How to Choose Your Next Read
If you want the closest match in tone — dry, funny, a protagonist who says exactly what she means: Eleanor Oliphant Is Completely Fine.
If you want the historical parallels made explicit — real women in the same era facing the same institutional barriers: Hidden Figures.
If you want another fierce, uncompromising woman in a vivid period: Daisy Jones and the Six or The Seven Husbands of Evelyn Hugo.
If you want Backman’s warmth and comedy applied to a male protagonist with Elizabeth Zott’s precision: A Man Called Ove.
If you want an unusual protagonist whose relationship to work anchors the novel: The Maid.
If you want historical sweep and emotional devastation without the comedy: The Women or The Four Winds.
If you want something lighter with an unexpected narrative perspective: Remarkably Bright Creatures.
For the Best Fiction Books
For the definitive guide to fiction — the greatest novels across literary fiction, classics, and contemporary writing — see our Best Fiction Books of All Time list.
More Women’s Fiction Reading Guides
- Books Like Where the Crawdads Sing: Nature, Secrets, and Survival
- Books Like Remarkably Bright Creatures: Warmth and Unexpected Connection
Affiliate disclosure: Links to Amazon on this page are affiliate links. We earn a small commission at no extra cost to you. This does not influence our editorial recommendations.
Frequently Asked Questions
Why is Lessons in Chemistry so popular?
Bonnie Garmus's debut combines several things readers rarely get simultaneously: a genuinely funny novel with a protagonist who is both deeply competent and completely uninterested in performing warmth for other people's benefit. Elizabeth Zott's refusal to soften herself is both comedic and, for many readers, cathartic. The novel also has a dog who understands English, which helps.

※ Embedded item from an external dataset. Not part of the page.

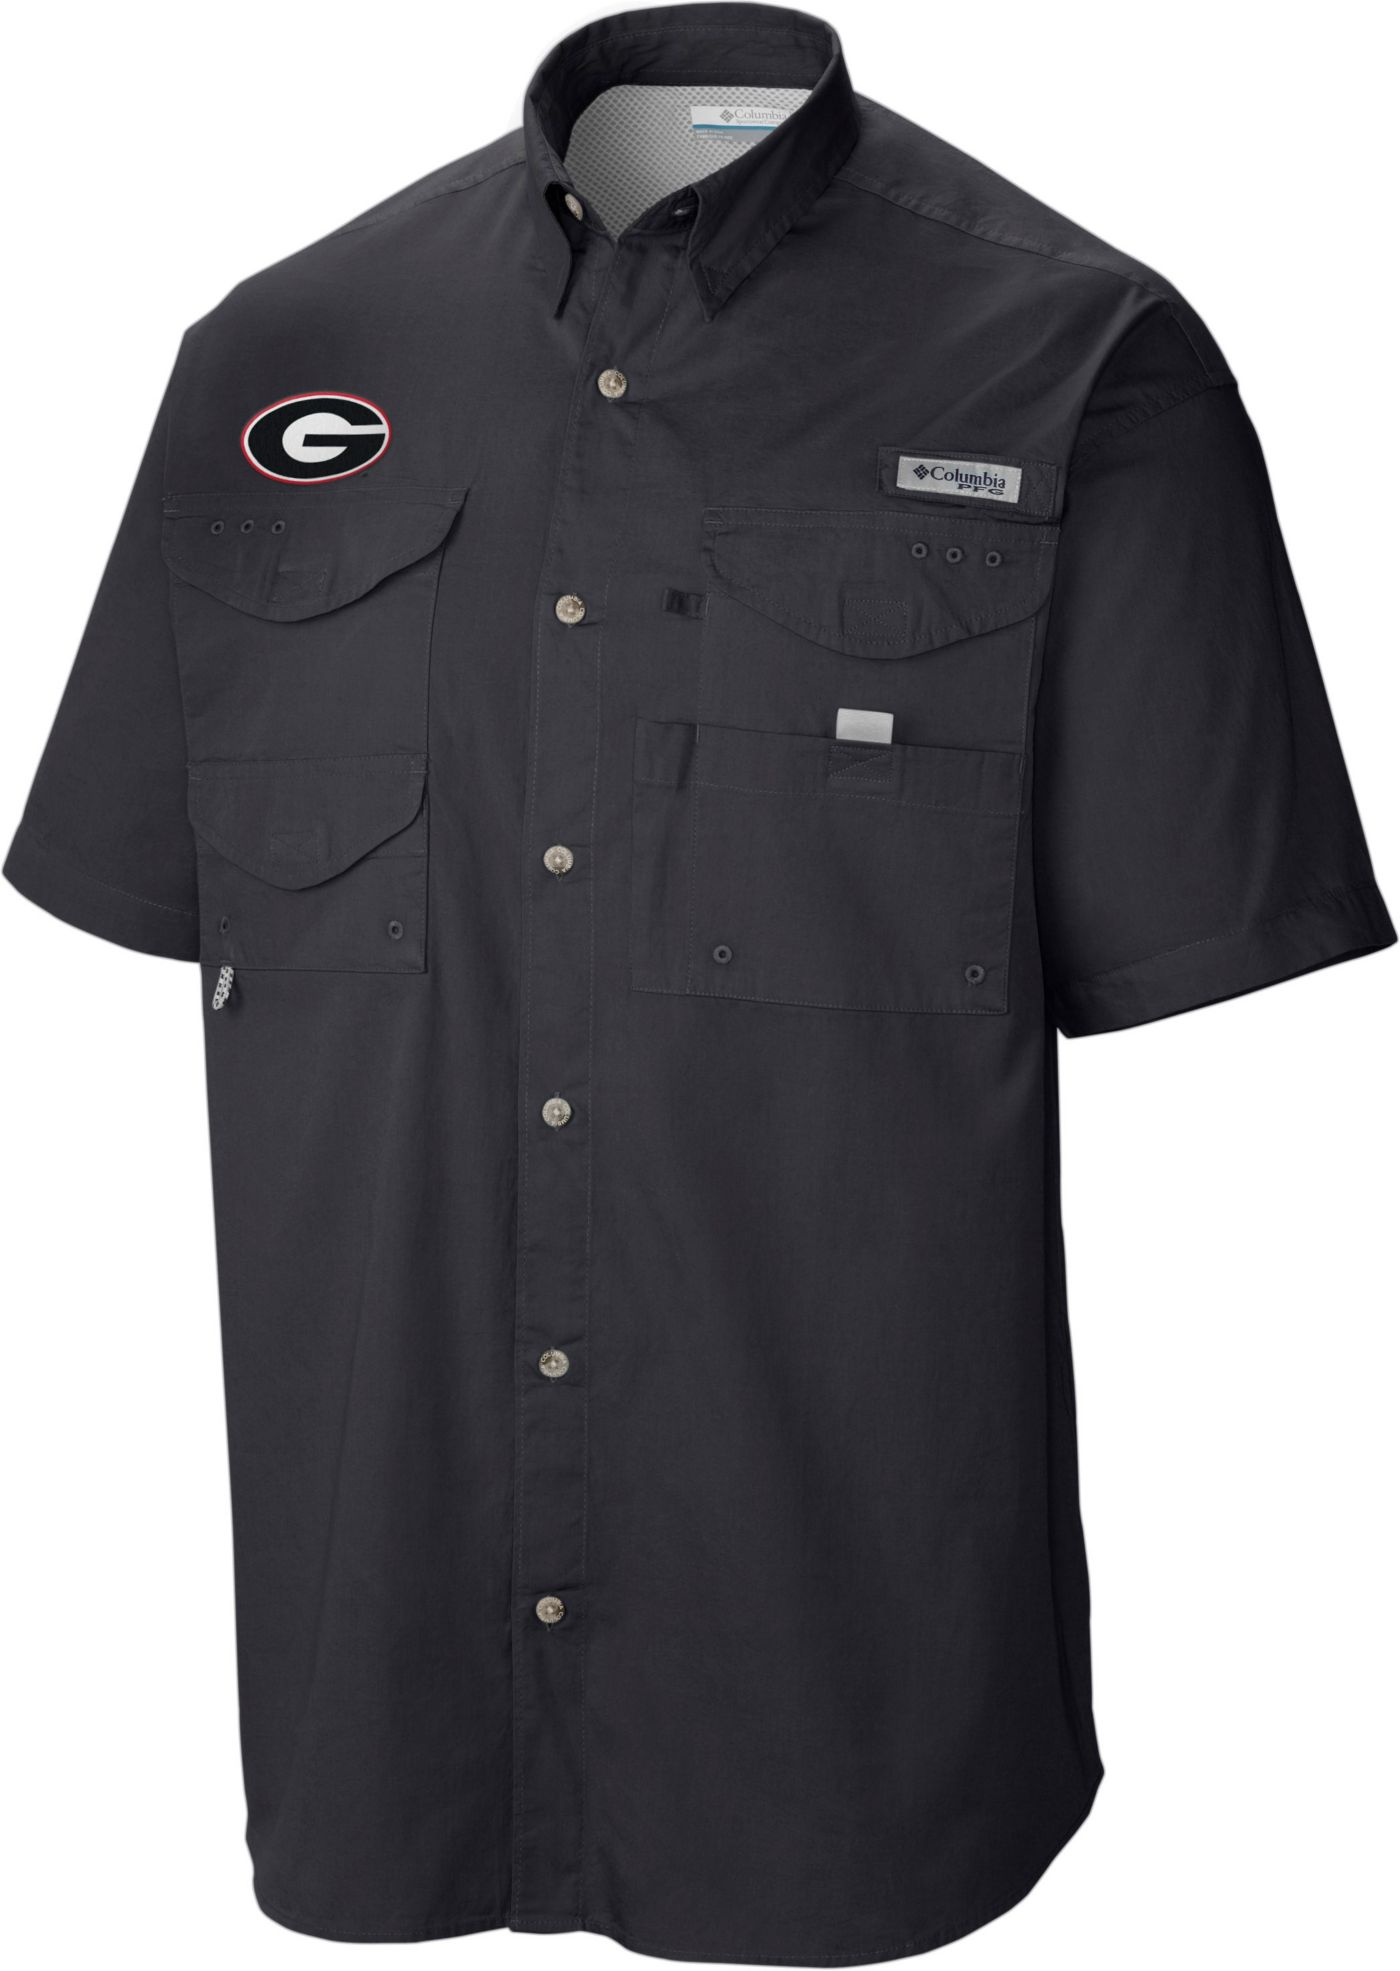 Columbia Men's Georgia Bulldogs Tamiami Performance Black Shirt

Is Lessons in Chemistry based on a true story?
No — Elizabeth Zott is a fictional character. The novel is set in a real historical period (early 1960s California) and draws on the genuine conditions faced by women in STEM and broadcasting at the time, but Garmus invented the story. The Apple TV+ adaptation with Brie Larson brought it to a significantly wider audience.

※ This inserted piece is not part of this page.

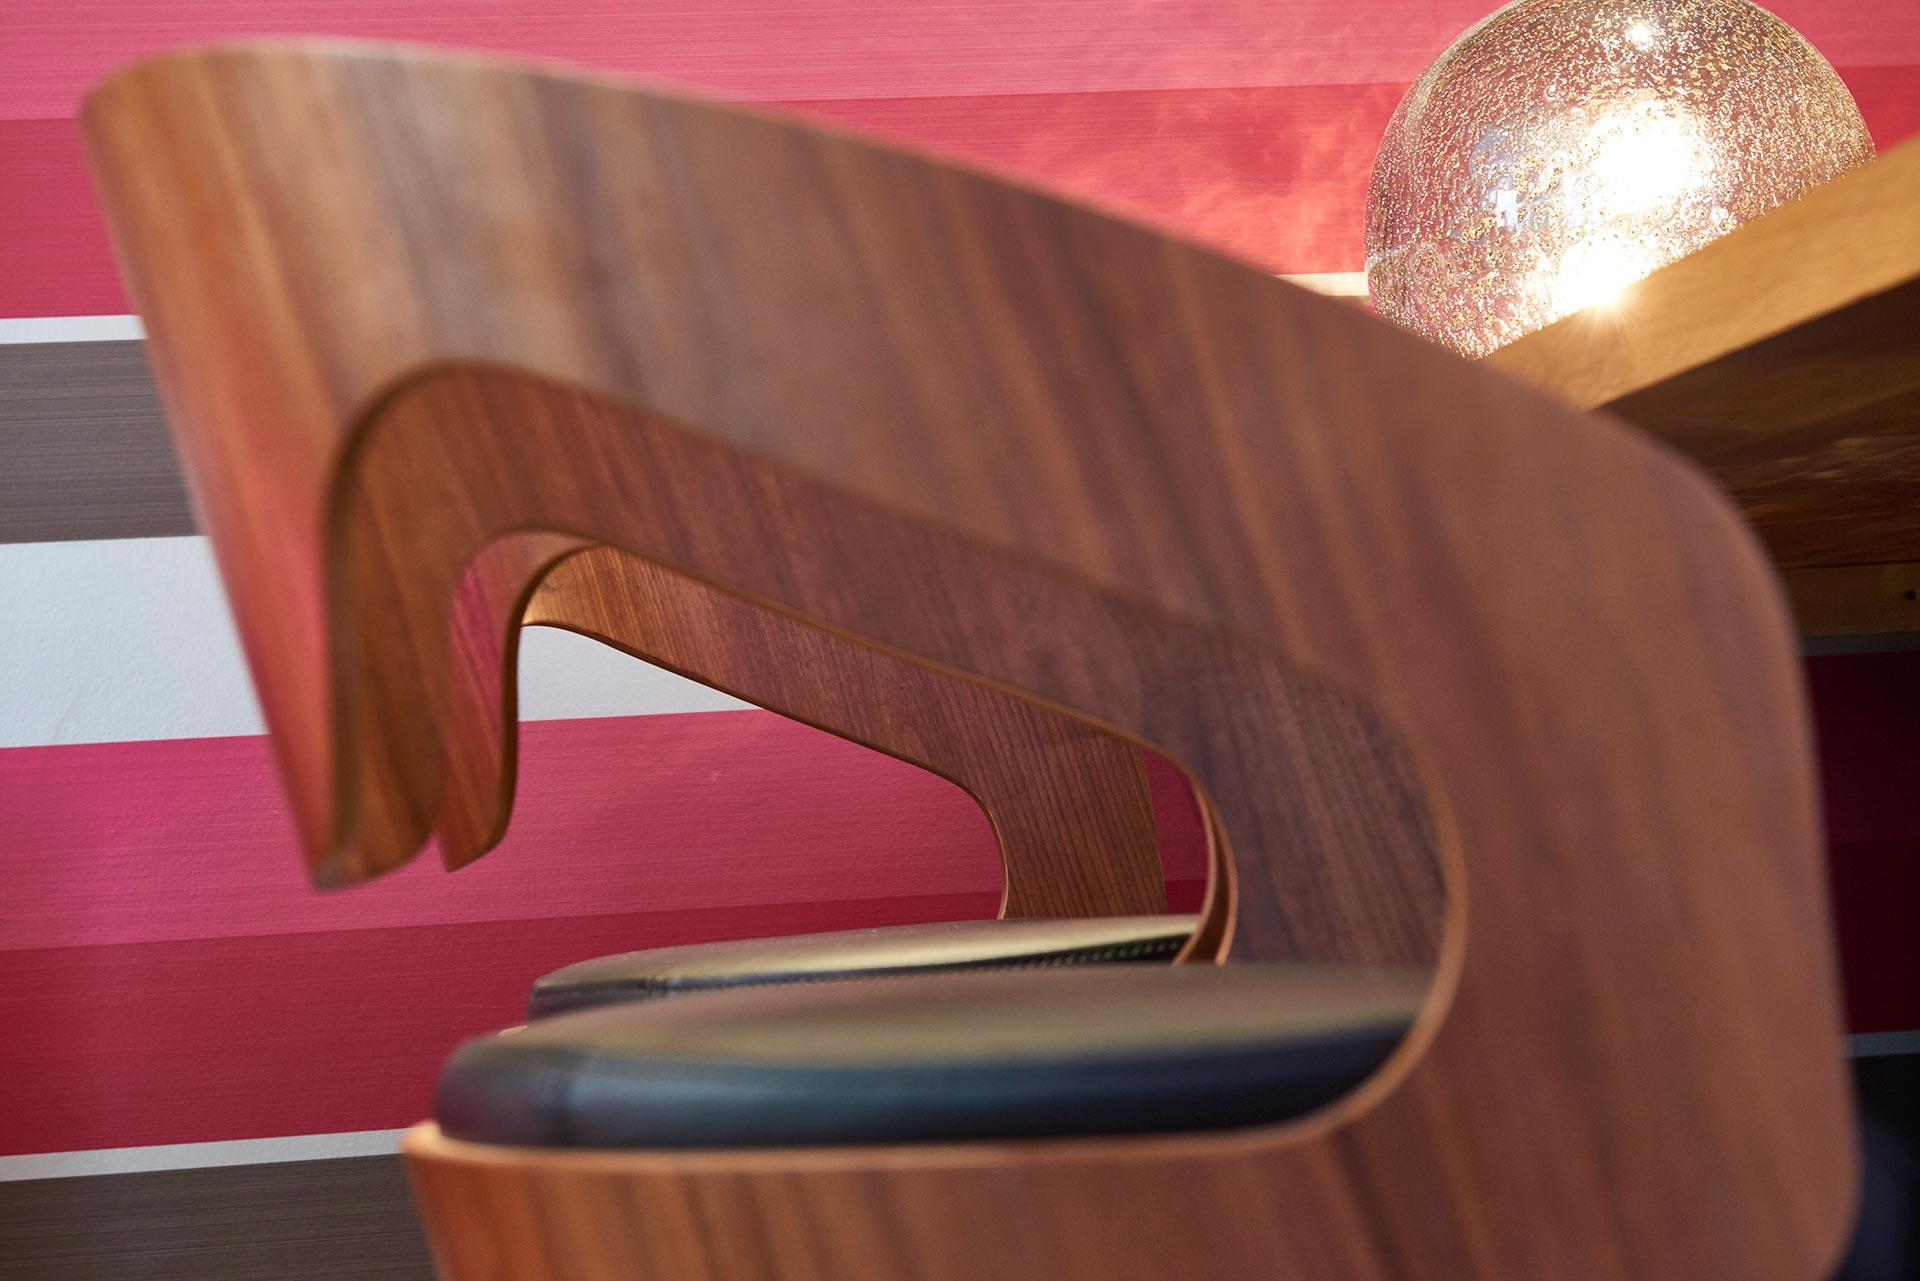 Bar stool detail

What other books has Bonnie Garmus written?
Lessons in Chemistry is Bonnie Garmus's debut novel, published in 2022 when she was in her sixties. She had a long career in advertising before writing it. As of 2025 she has not published a second novel.
What makes Elizabeth Zott such a compelling protagonist?

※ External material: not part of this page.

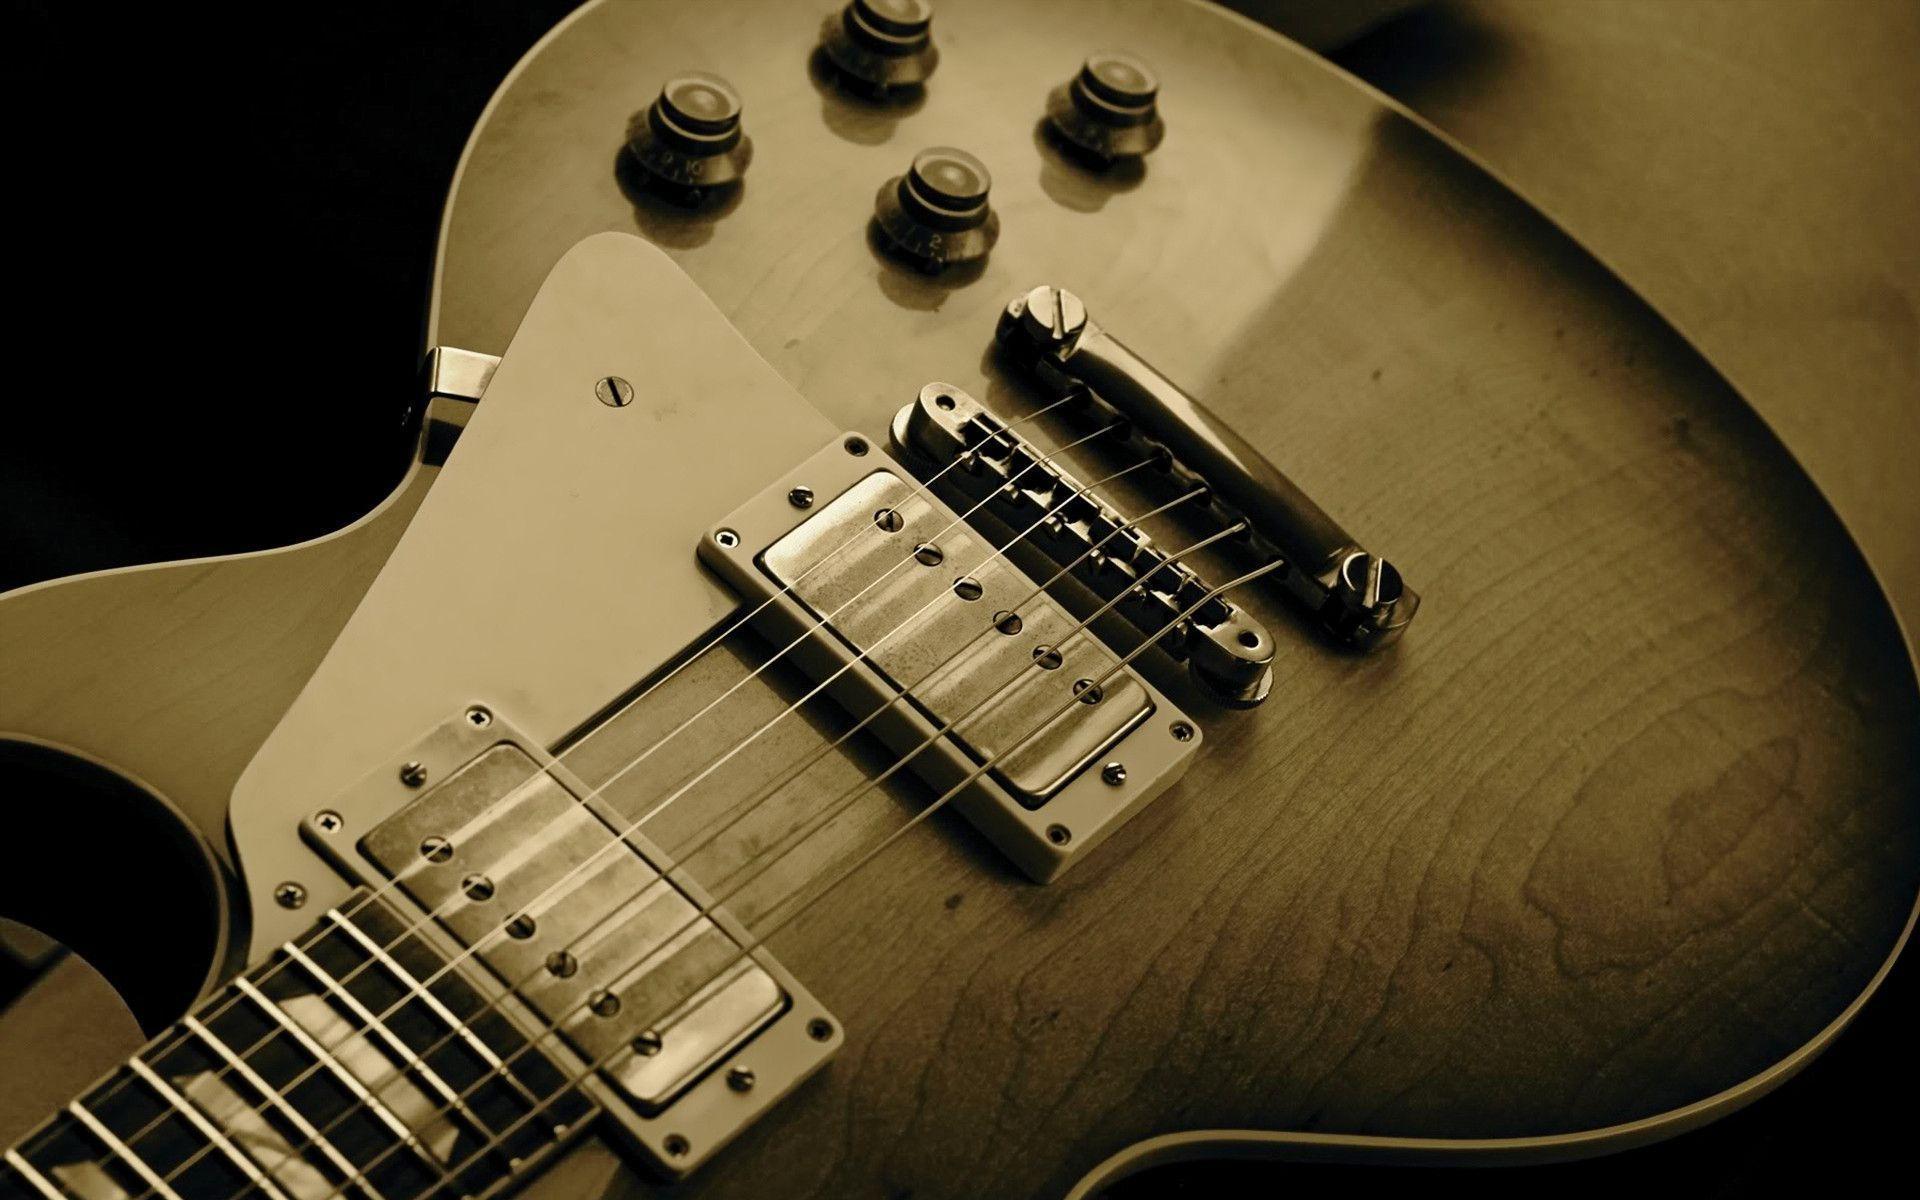 guitar wallpaper by artush - photo #19

Elizabeth Zott is unusual in contemporary fiction because her defining characteristic is not warmth or relatability but precision and a complete inability to soften truths for social comfort. She is a gifted chemist in an era that refuses to let women be scientists, and her response to this refusal is not to adapt but to be exacting about it in a way that the people around her find alternately infuriating and illuminating. The novel's comedy emerges almost entirely from the gap between what Elizabeth says and what the situation expects her to say.